▶ _Exercise details_
Every picture is to be removed, and all the data is to be copied exactly.

▶ _Data provided_
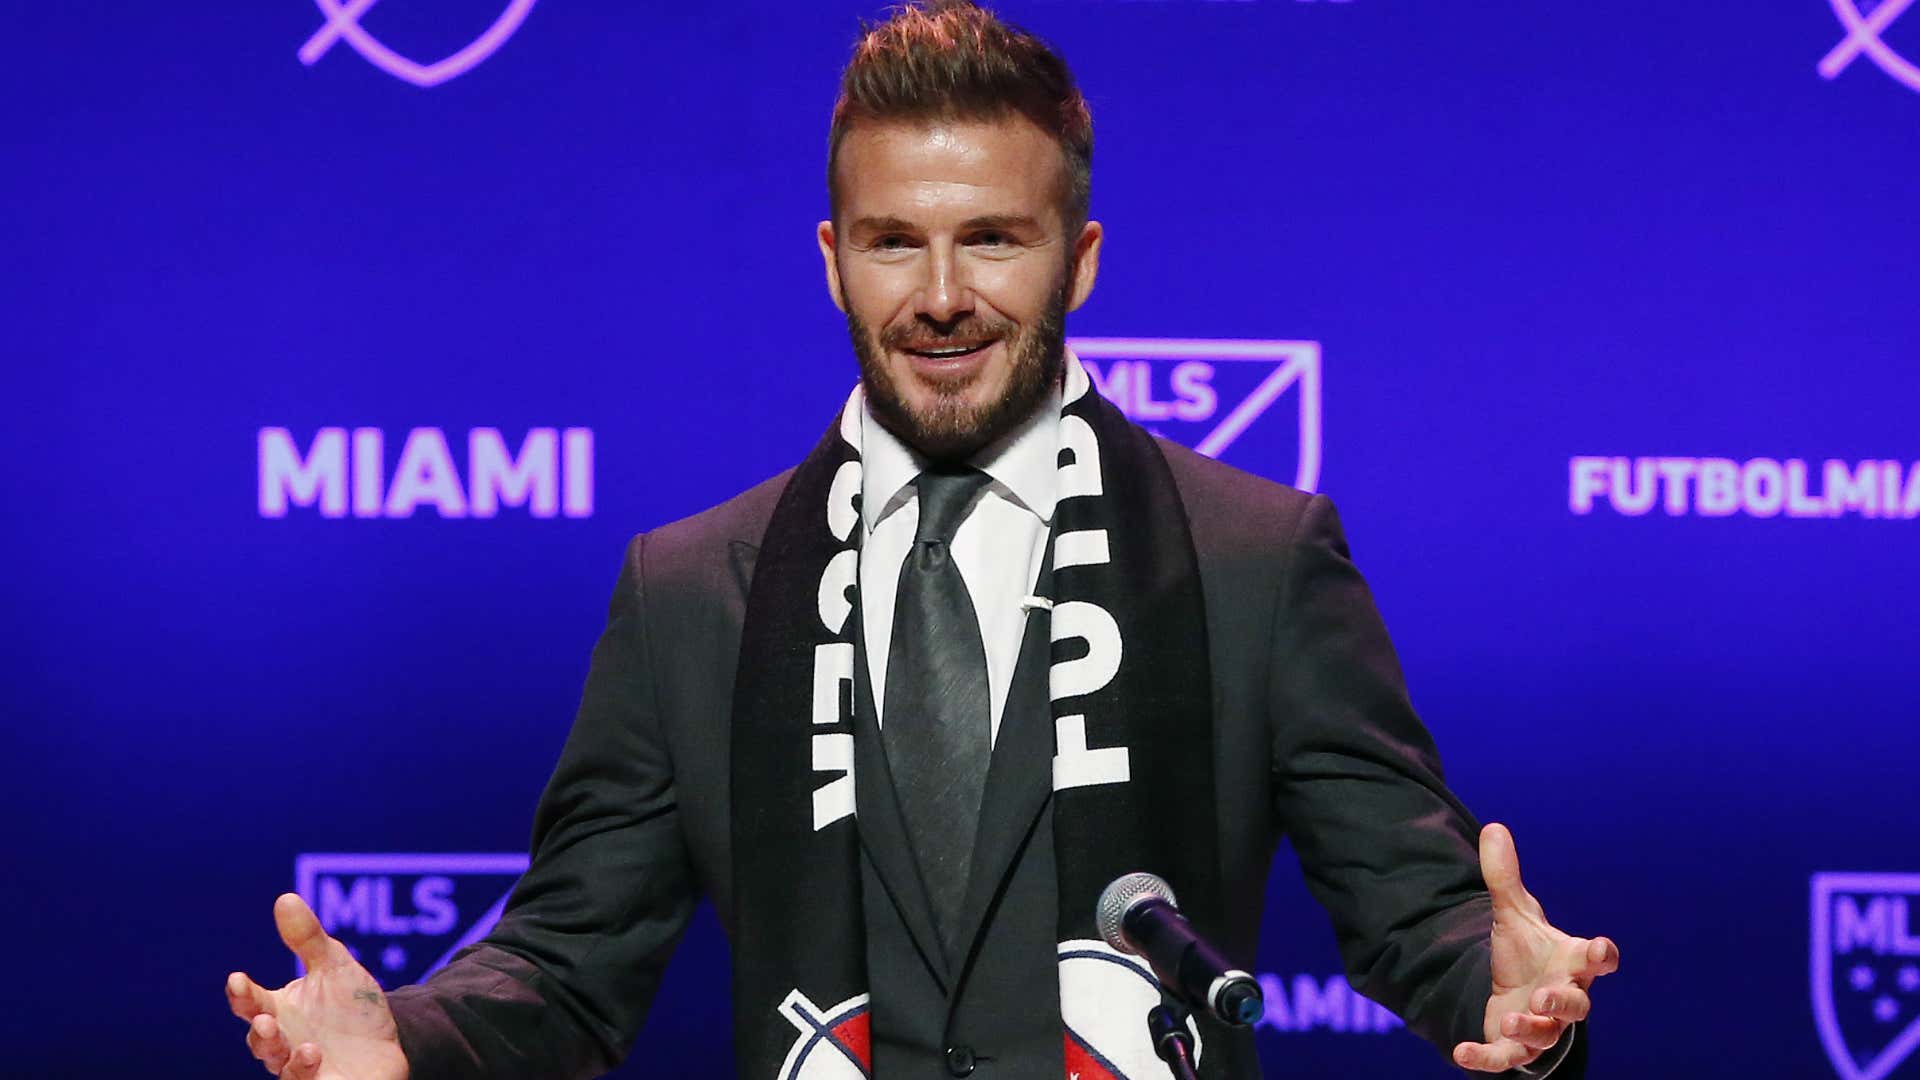 David Beckham MLS Miami 01292018
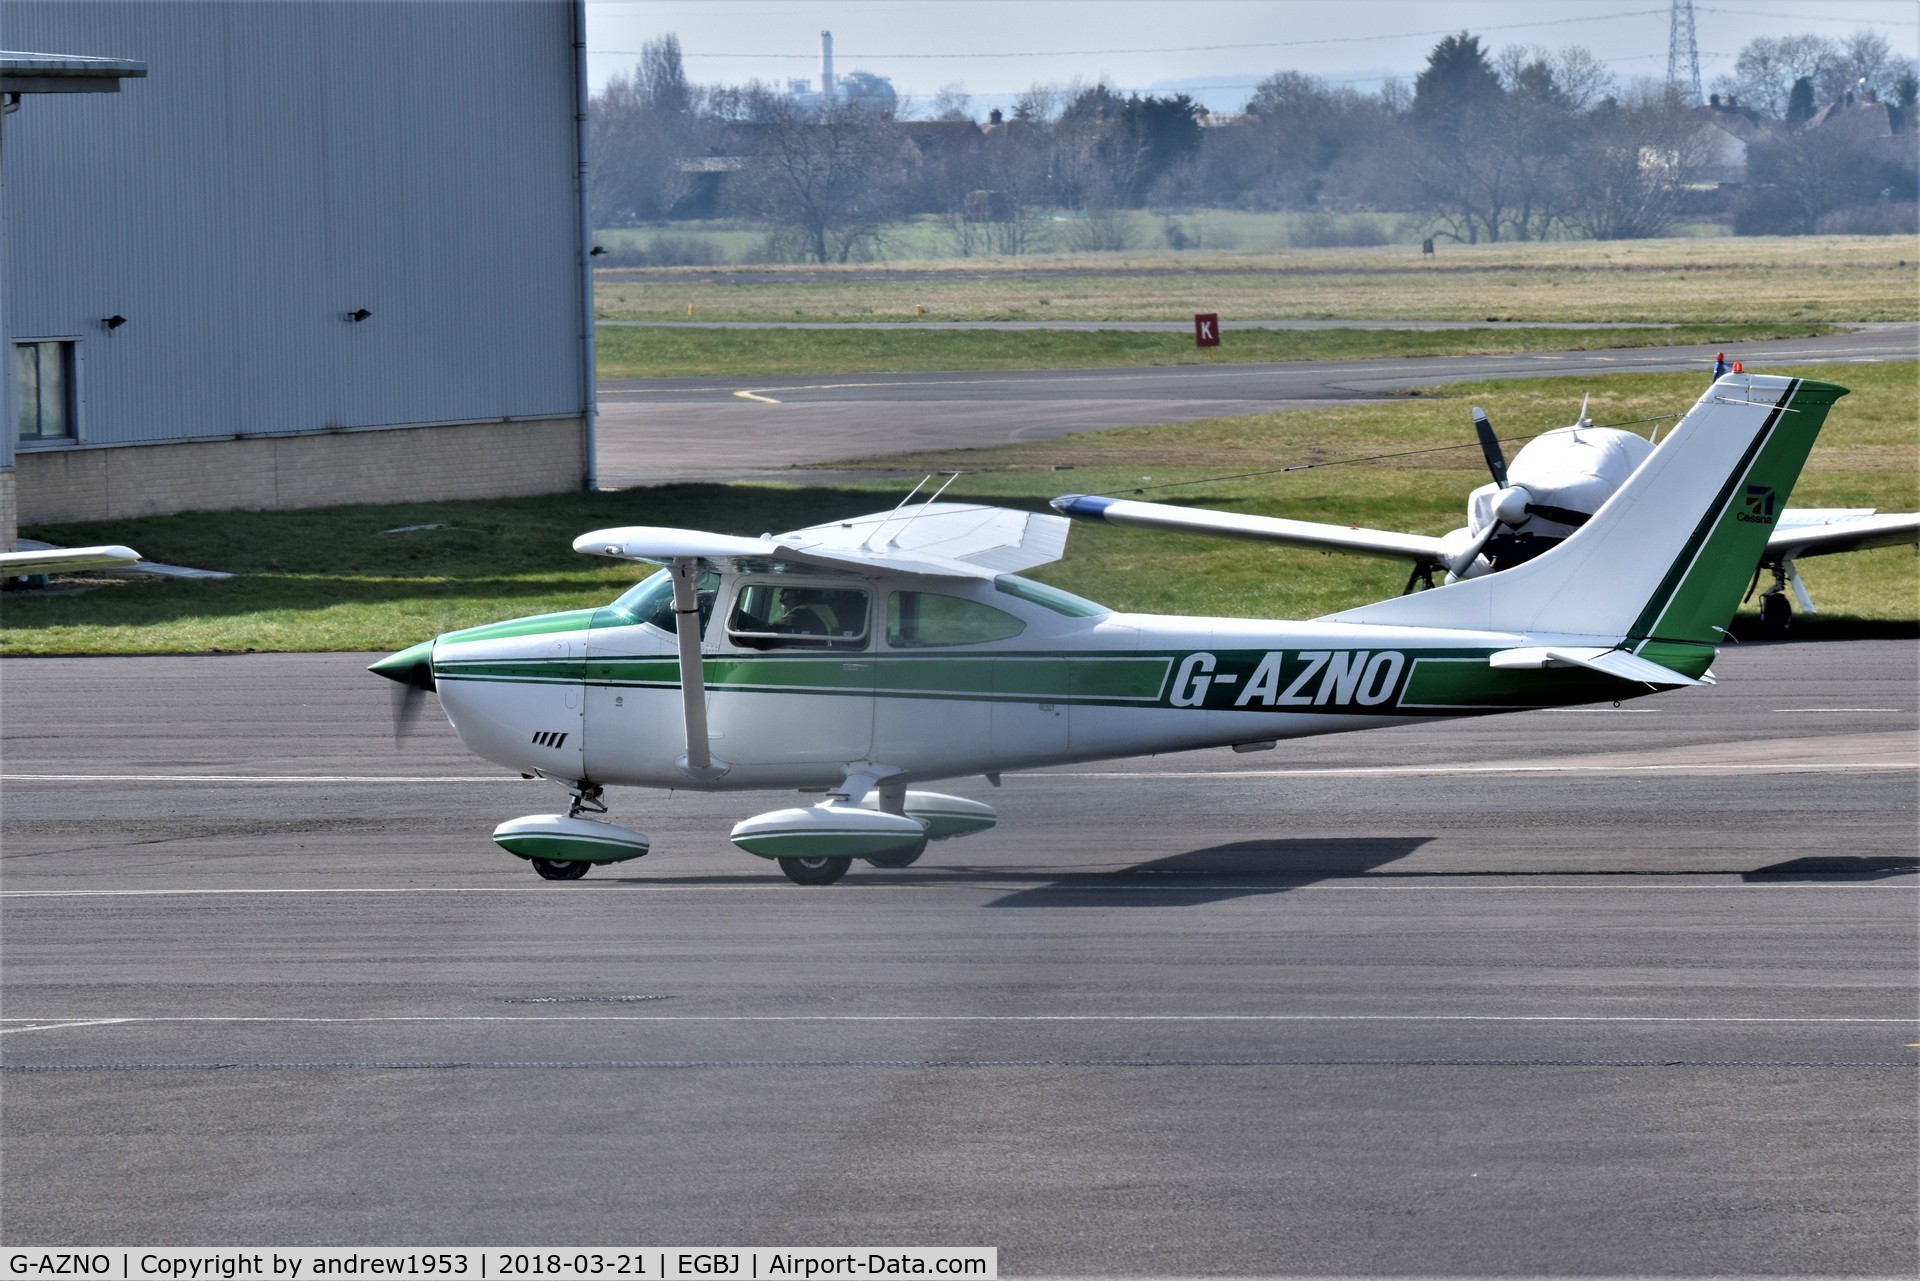 G-AZNO, 1972 Cessna 182P Skylane C/N 182-61005, G-ANZO at Gloucestershire Airport.
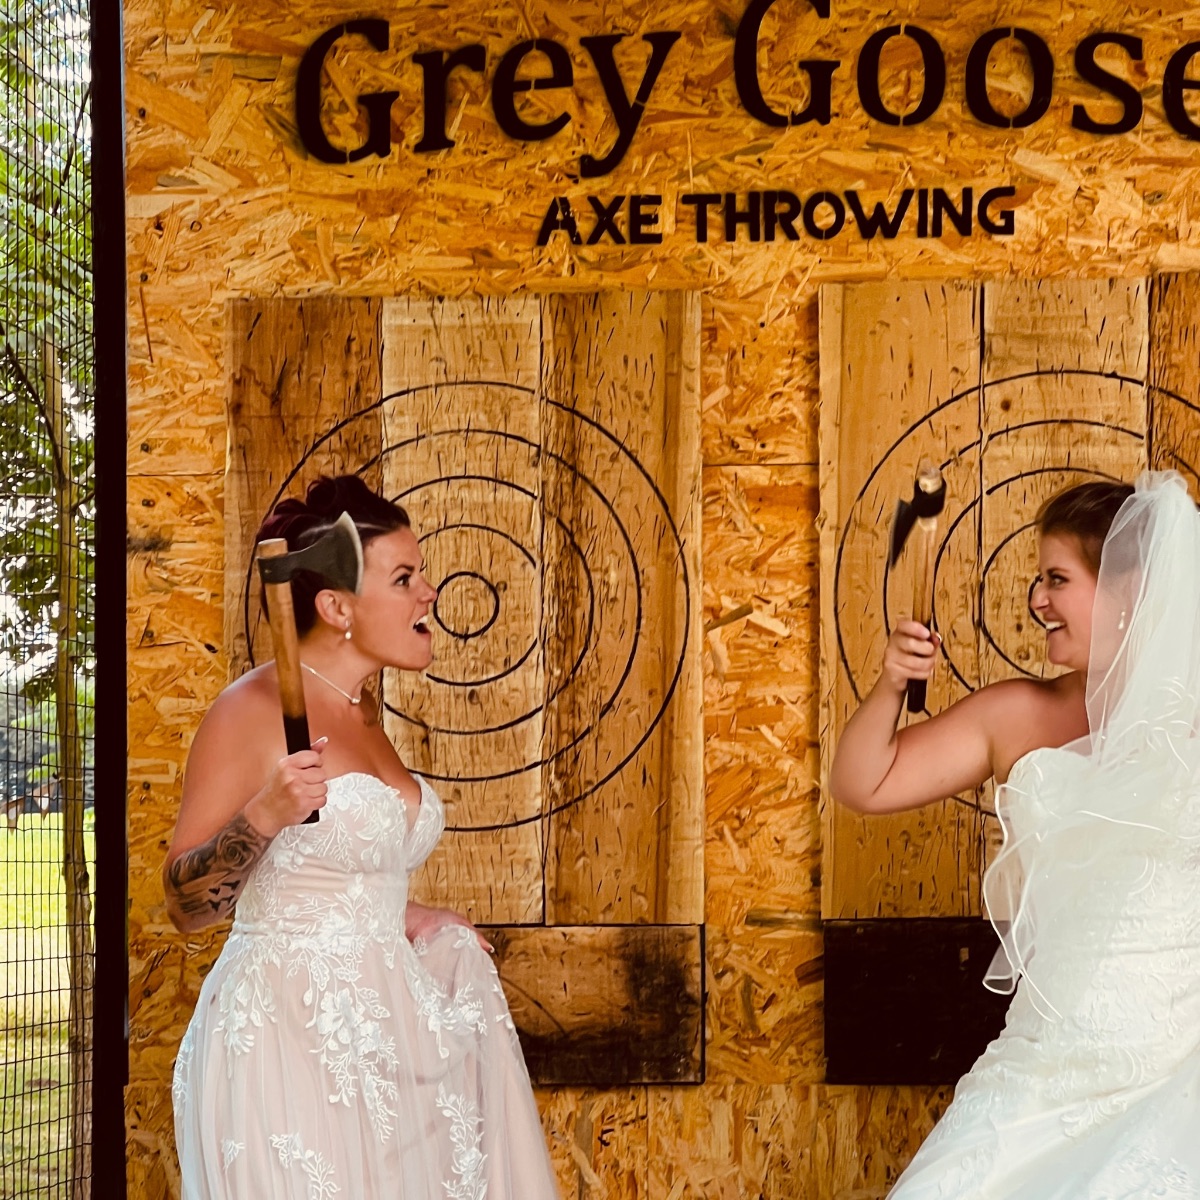 Grey Goose Axe Throwing -Image-69

▶ _Exercise result_
 David Beckham MLS Miami 01292018
 G-AZNO, 1972 Cessna 182P Skylane C/N 182-61005, G-ANZO at Gloucestershire Airport.
 Grey Goose Axe Throwing -Image-69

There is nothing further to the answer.